» WORK REQUIRED: Set the whole listing down again, word for word, with no pictures.

» DATA EXCERPT:
********************
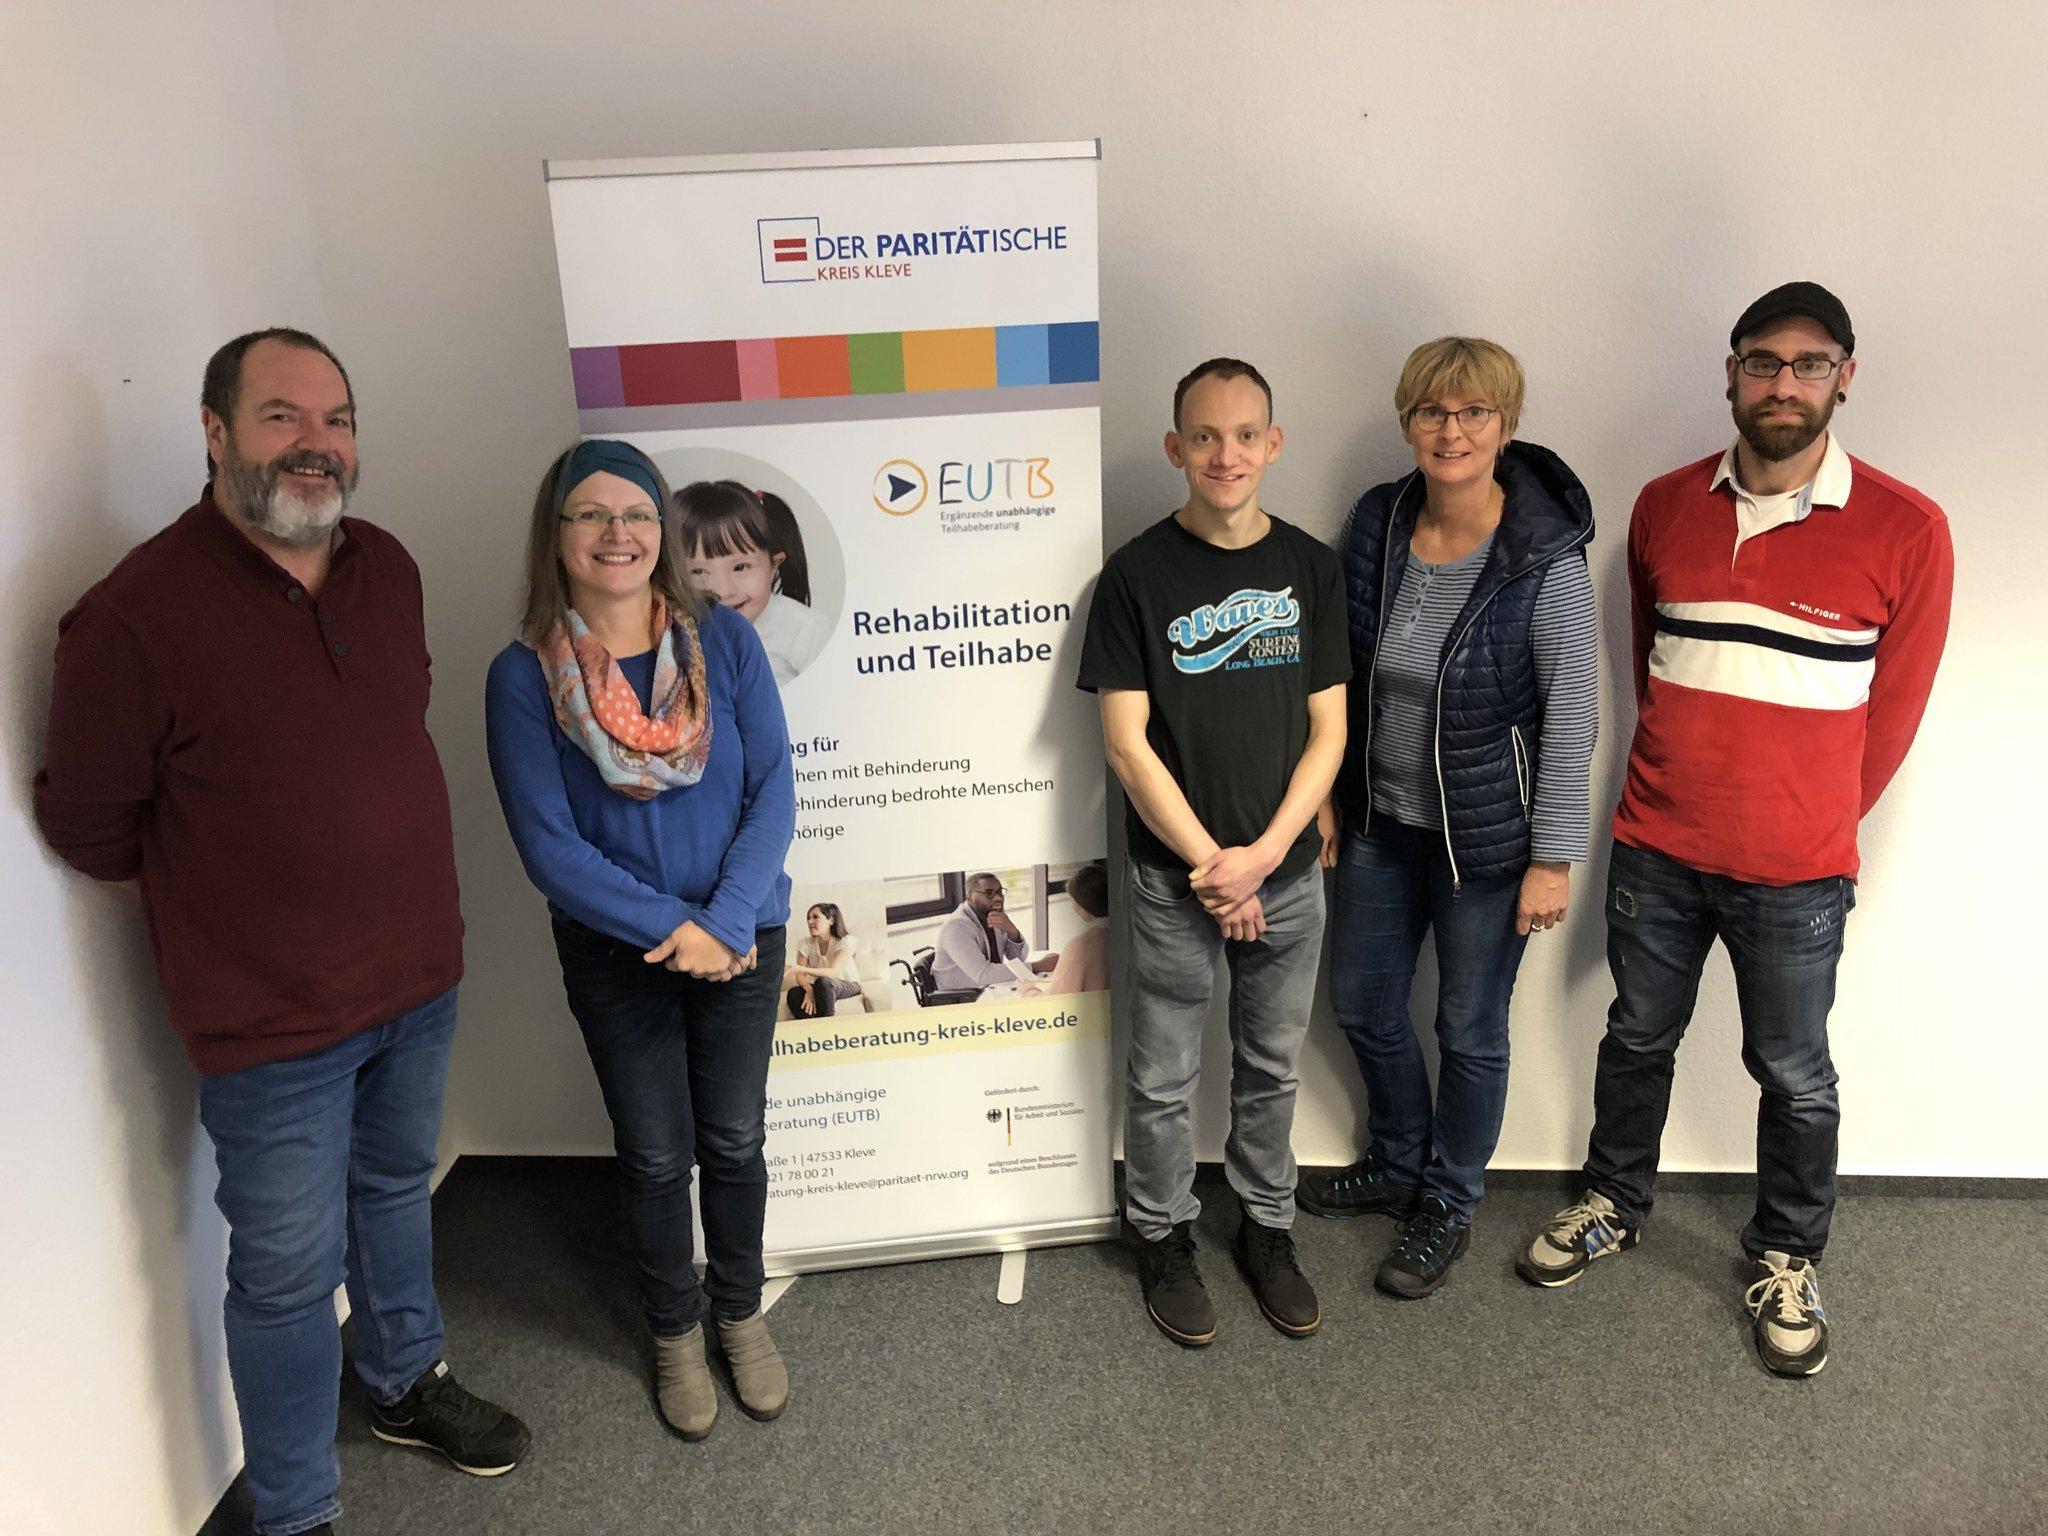 Peer-Beratung in der Ergänzenden unabhängigen Teilhabeberatung (EUTB) Kreis Kleve: Betroffene beraten Betroffene - Kleve - Lokalkompass.de
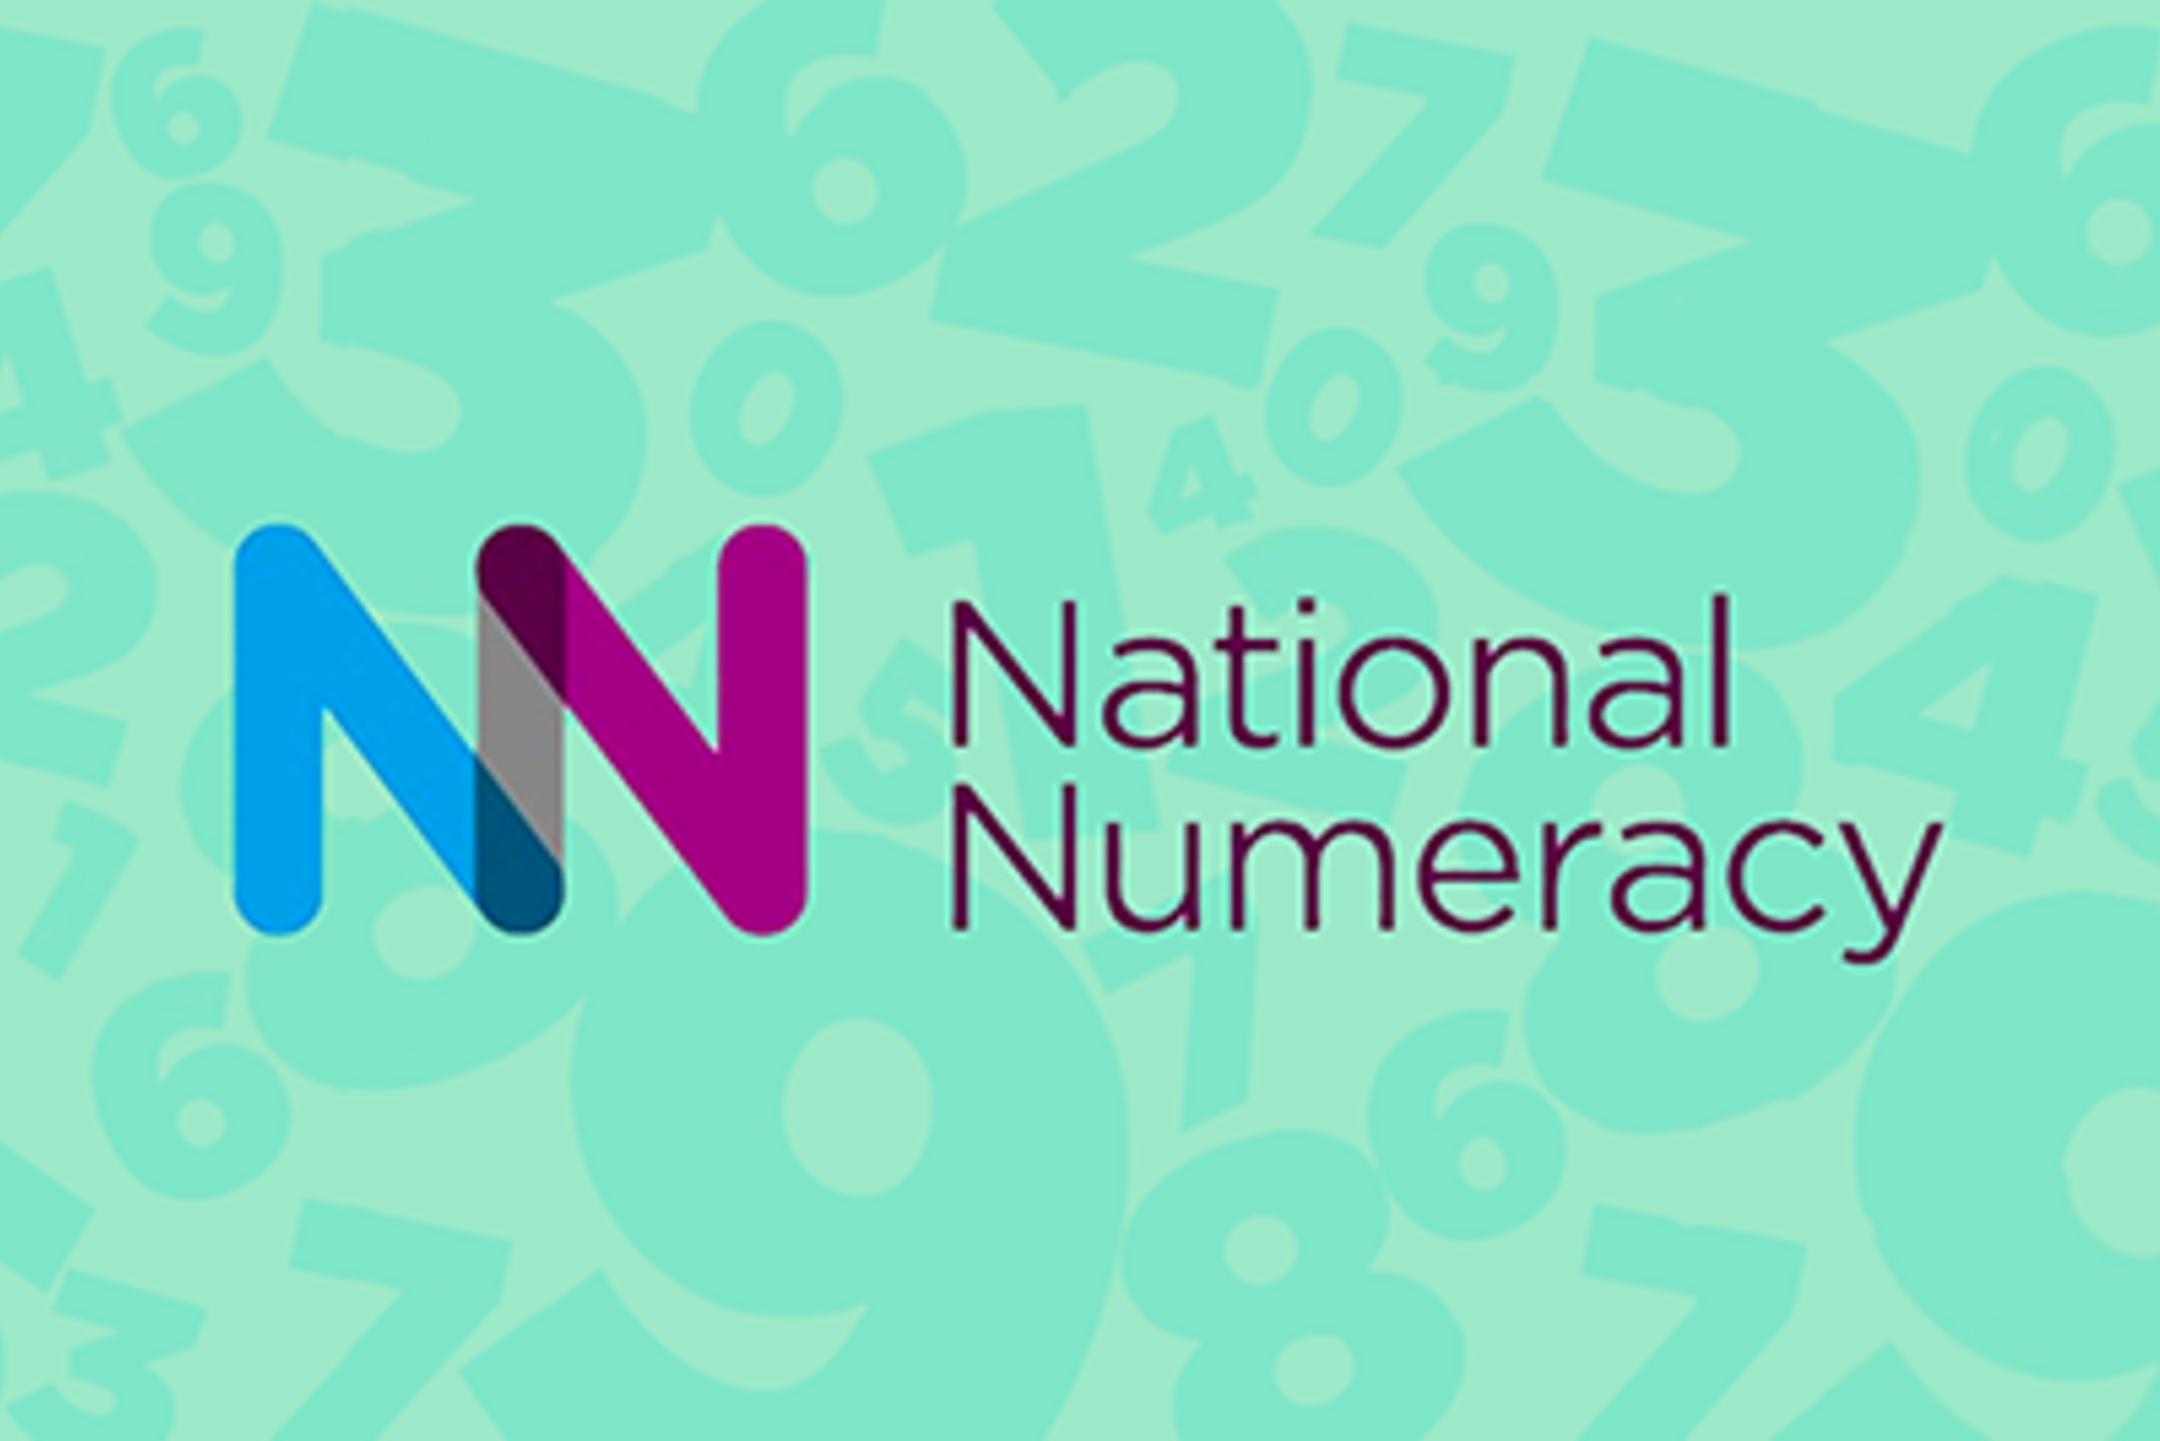 National Numeracy logo on green background.
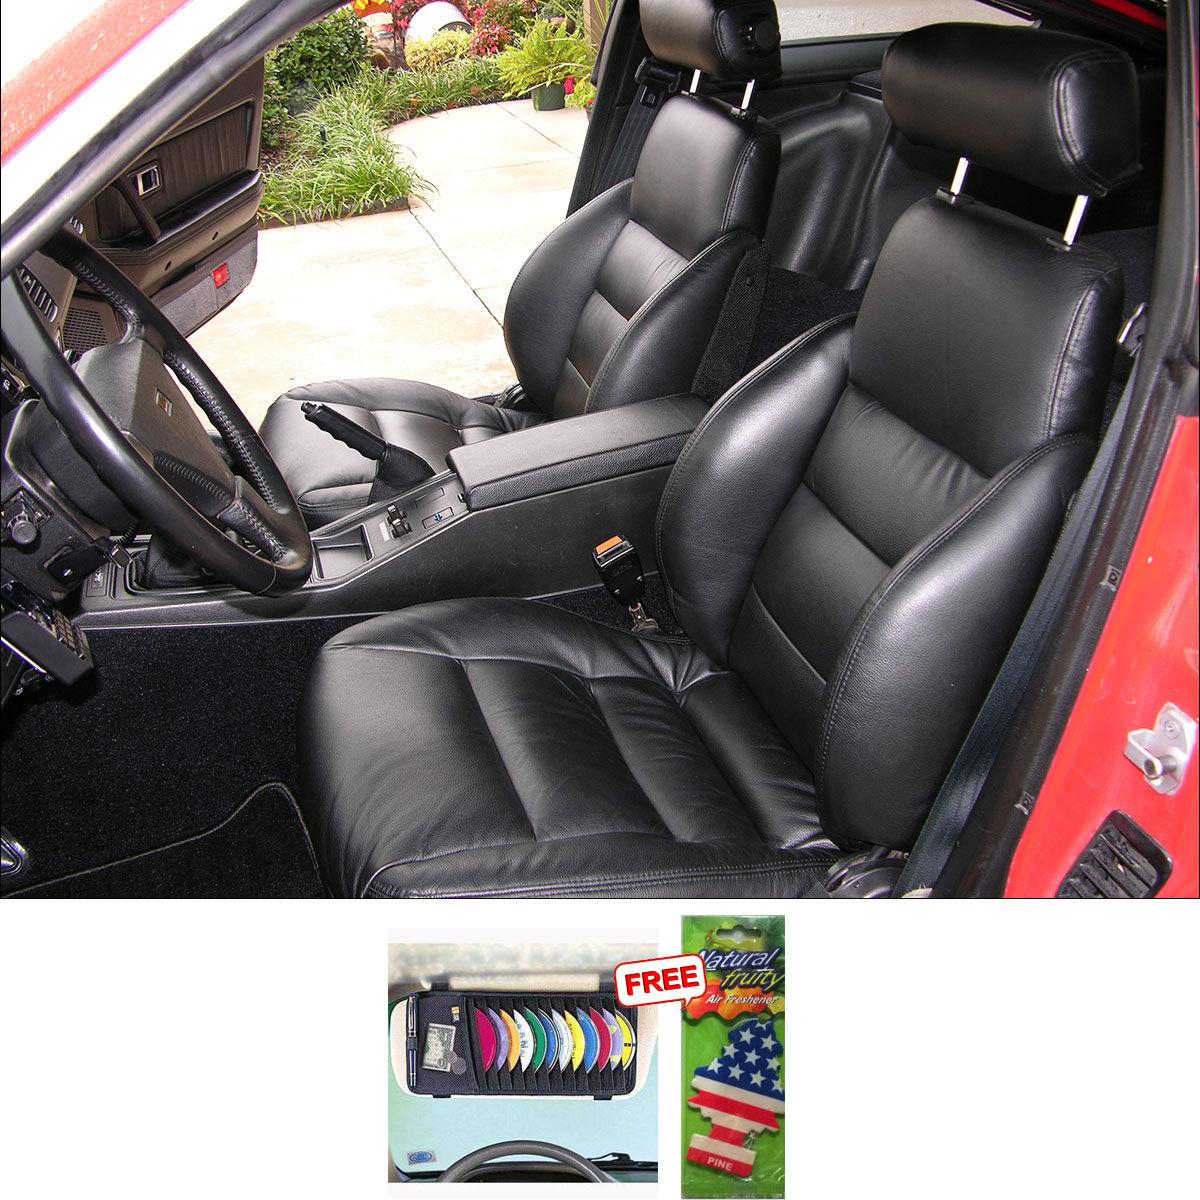 Samsun car seat cover for hyundai santro xing black
********************
» RESPONSE FOR THIS EXERCISE:
 Peer-Beratung in der Ergänzenden unabhängigen Teilhabeberatung (EUTB) Kreis Kleve: Betroffene beraten Betroffene - Kleve - Lokalkompass.de
 National Numeracy logo on green background.
 Samsun car seat cover for hyundai santro xing black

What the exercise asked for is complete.